Just finished staining the obelisk and it started to rain. . . .going to leave it out in the rain to see what happens.


----------



## ShadyHallows (Jun 14, 2006)

That looks incredible!


----------



## Ghostess (Aug 21, 2005)

Absolutely beautiful!


----------



## dave the dead (Jan 31, 2007)

good call about the rain. I'll bet you'll get natural distress patterns you never dreamed of (assuming it doesn't just wash off) 

Good looking stone!


----------



## spideranne (Jul 17, 2006)

The rain really left a nice effect. Love the pirate scull too!


----------



## Hellvin (Jul 6, 2008)

Nice trim work on the foam too. Can I assume that you used a table saw to get the nice cheek cuts? Two or three layers of a stain-n-wash finish will make it just like a real stone.


----------



## HalloweenZombie (Jul 22, 2007)

That's a great piece. Beautiful angles that aren't easily accomplished. Nice work.


----------



## Bloodhound (Oct 16, 2007)

Nice job on the stone! It look's fantastic.


----------



## Lotus (Nov 12, 2004)

Omg U Have To Make Me One


----------



## dynoflyer (Oct 8, 2006)

dave the dead said:


> good call about the rain. I'll bet you'll get natural distress patterns you never dreamed of (assuming it doesn't just wash off)

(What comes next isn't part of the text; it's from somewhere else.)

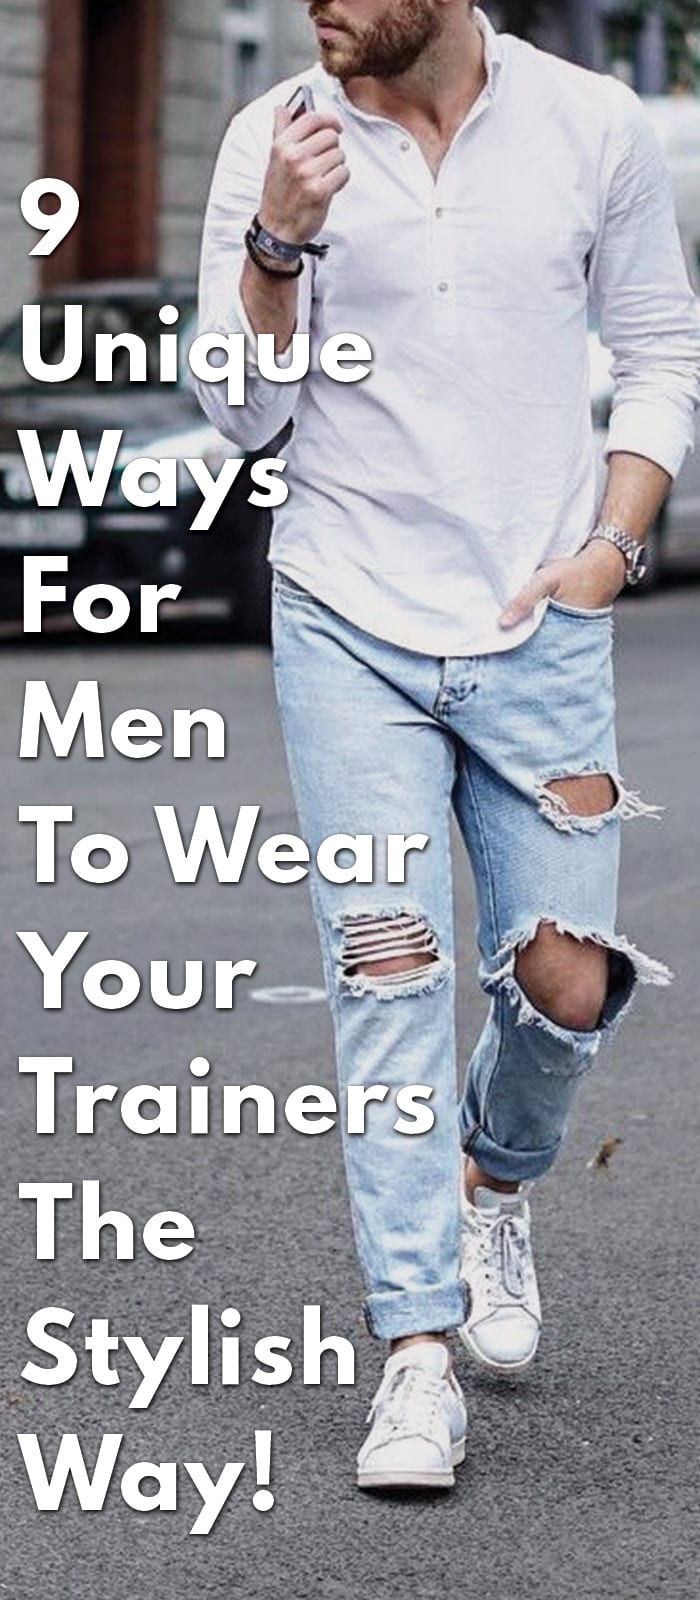 9-Unique-Ways-For-Men-To-Wear-Your-Trainers-The-Stylish-Way!

dave the 'weatherman' got it right. It rained REAL hard last night and took off way more than I expected, although it did create some interesting patterns. Now I'll just do it over following those patterns and then seal it. I'll post before and after shots.


----------



## phobophile (Mar 2, 2008)

Really nice work, and inspiring, thinking of doing an obelisk myself.


----------



## Lilly (Jun 13, 2006)

That turned out to be a good idea...good thinkin
looking forward to the new pics


----------



## dynoflyer (Oct 8, 2006)

Not being smart enough to quit while I'm ahead, I kept on tweaking it. Now, it's finished.

How to. . . . .first, gather the right supplies!









All done. 









Close up.


----------



## scream1973 (Dec 23, 2007)

Looks awesome


----------



## Johnny Thunder (Feb 24, 2006)

Very impressive and good job


----------



## spideranne (Jul 17, 2006)

The moss adds a great effect.


----------



## Bone Dancer (Oct 7, 2005)

nice job, like the epy too


----------



## smileyface4u23 (Apr 1, 2008)

Looks fabulous! I want one!!


----------



## Spooklights (Jul 4, 2006)

I agree with you; the right 'supplies' are essential for any haunt project. 
Nice work!


----------



## Lilly (Jun 13, 2006)

The finally looks great...

Great Job
shouldn't that beer bottle be a jug o rum while working on a pirate obelisk?
lol


----------



## Bloodhound (Oct 16, 2007)

You did a great job! that look's fantatstic.


----------



## dynoflyer (Oct 8, 2006)

Lilly said:


> shouldn't that beer bottle be a jug o rum while working on a pirate obelisk?
> lol


Arghhhh! Right ye be, matey!


----------



## Lady Nyxie (Aug 30, 2006)

Turned out very well indeed.


----------